Господин префект Вормс-Клавлен был вызван в Париж новым министром внутренних дел. Он проник в обширное здание присутственных мест на площади Бово через хорошо ему известную дверцу и без затруднений прошел секретными коридорами. Сторожа его любили. Он был груб с ними, как и со всеми низшими по рангу, но груб без всякой надменности,– как был бы любой из них самих, если бы вдруг поменялся с ним местами. Вот почему его повадки, не внушая к нему никакого почтения, не вызывали все же и ненависти. При виде его люди, украшенные цепью и галунами, подталкивали друг друга под локоть и перешептывались: «Жидовский префект явился». Они окидывали его взглядом, в котором можно было прочесть: «Хоть ты и неказист, да хитер!» Он им бурчал:

– Доложите обо мне. Не торчать же мне в прихожей!

Они давали ему пройти зал за залом, хотя и смутно чувствовали, что пропускают к министру в кабинет что-то непристойное. Как бы там ни было, г-н префект Вормс-Клавлен не вызывал к себе антипатии в министерских коридорах.

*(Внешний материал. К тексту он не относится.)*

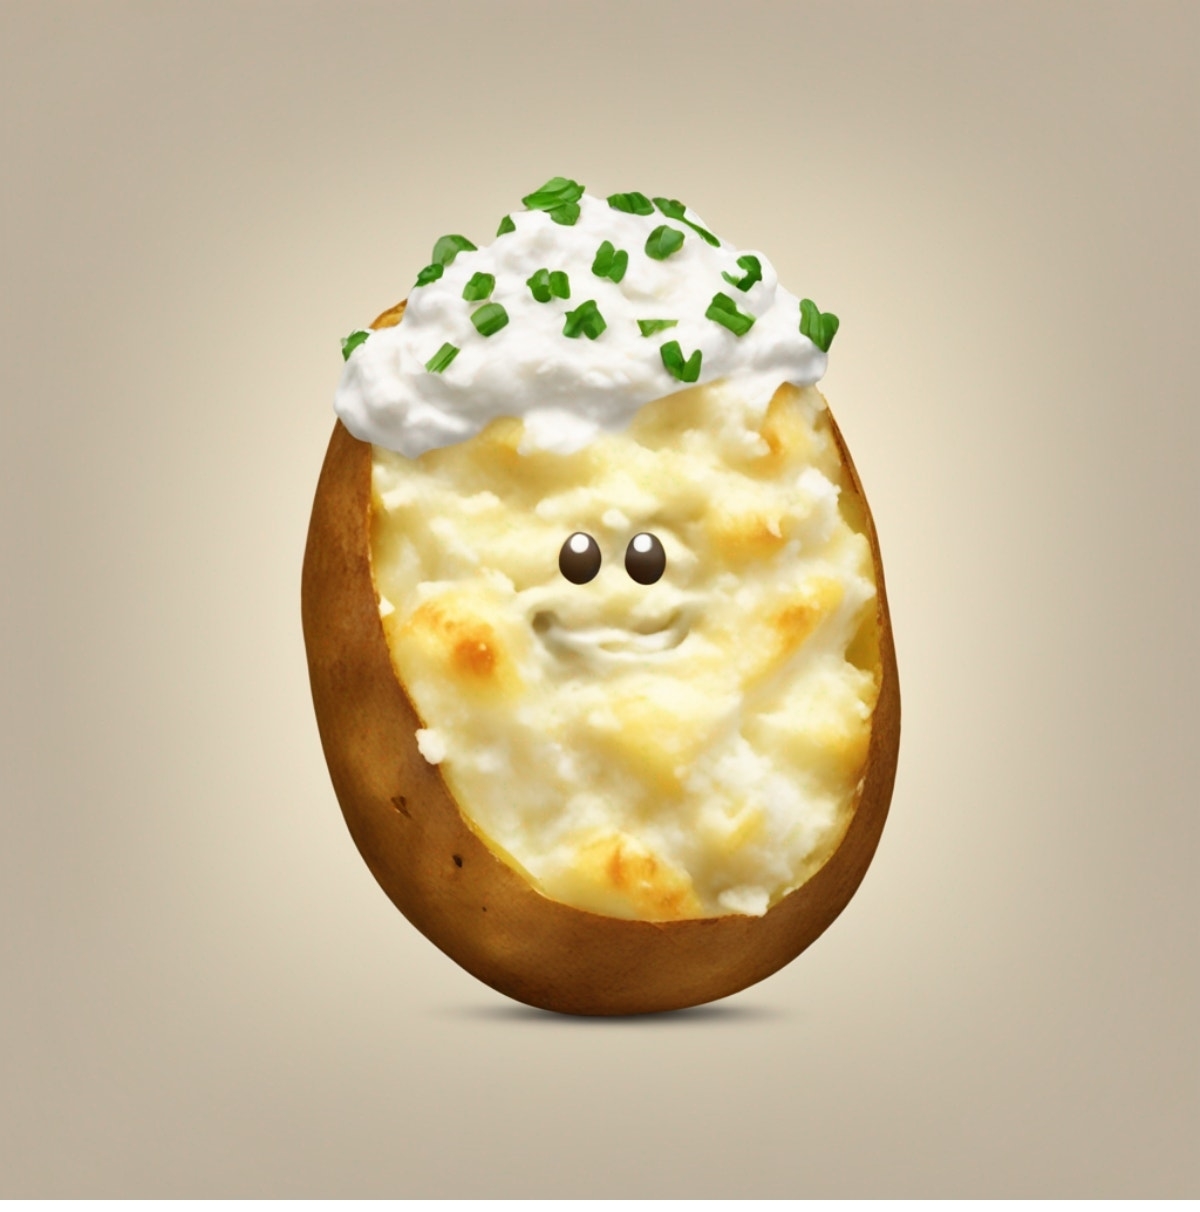 Illustration of a smiling cartoon potato with sour cream and chives on top

Аудиенция прошла превосходно. Министр Альфонс Юге́, депутат от самого бедного избирательного округа большого промышленного города, числился крайним радикалом. Но так как в здании на площади Бово он сменил министра-радикала, то вдруг стал умеренным. Его прошлое, говорил он, служит достаточной гарантией политики прогресса, так что демократия может быть спокойна, если на сей раз, в интересах республики, он прибегнет к политике примирения, единственно полезной в данных условиях и единственно возможной. Стоит ли, право, компрометировать дело прогресса неосторожной агитацией? Он полагал, что не стоит. На самом же деле ему нужны были двадцать голосов правой, и он был озабочен их приобретением. Поэтому социалистические газеты утверждали, что он продался Орлеанам.

Он встретил г-на Вормс-Клавлена с приятностью, выработанной десятилетним маклерством по делам страхования, которым он занимался в последние годы империи и при режиме «нравственного порядка».

– Рад вас видеть, господин префект. Хочу, чтобы вы вернулись к себе в департамент с твердым убеждением, что мы – сторонники порядка и прогресса.

Господину Вормс-Клавлену вспомнилось, что предшествующий министр говорил ему совершенно то же самое: «Прогресс при помощи порядка – вот наша цель!» Но он лишен был чувства иронии и был слишком серьезен, чтобы предаваться пустой игре философических сопоставлений.

Министр продолжал:

– Я уже не первый раз вижу вас на этом самом месте, господин префект.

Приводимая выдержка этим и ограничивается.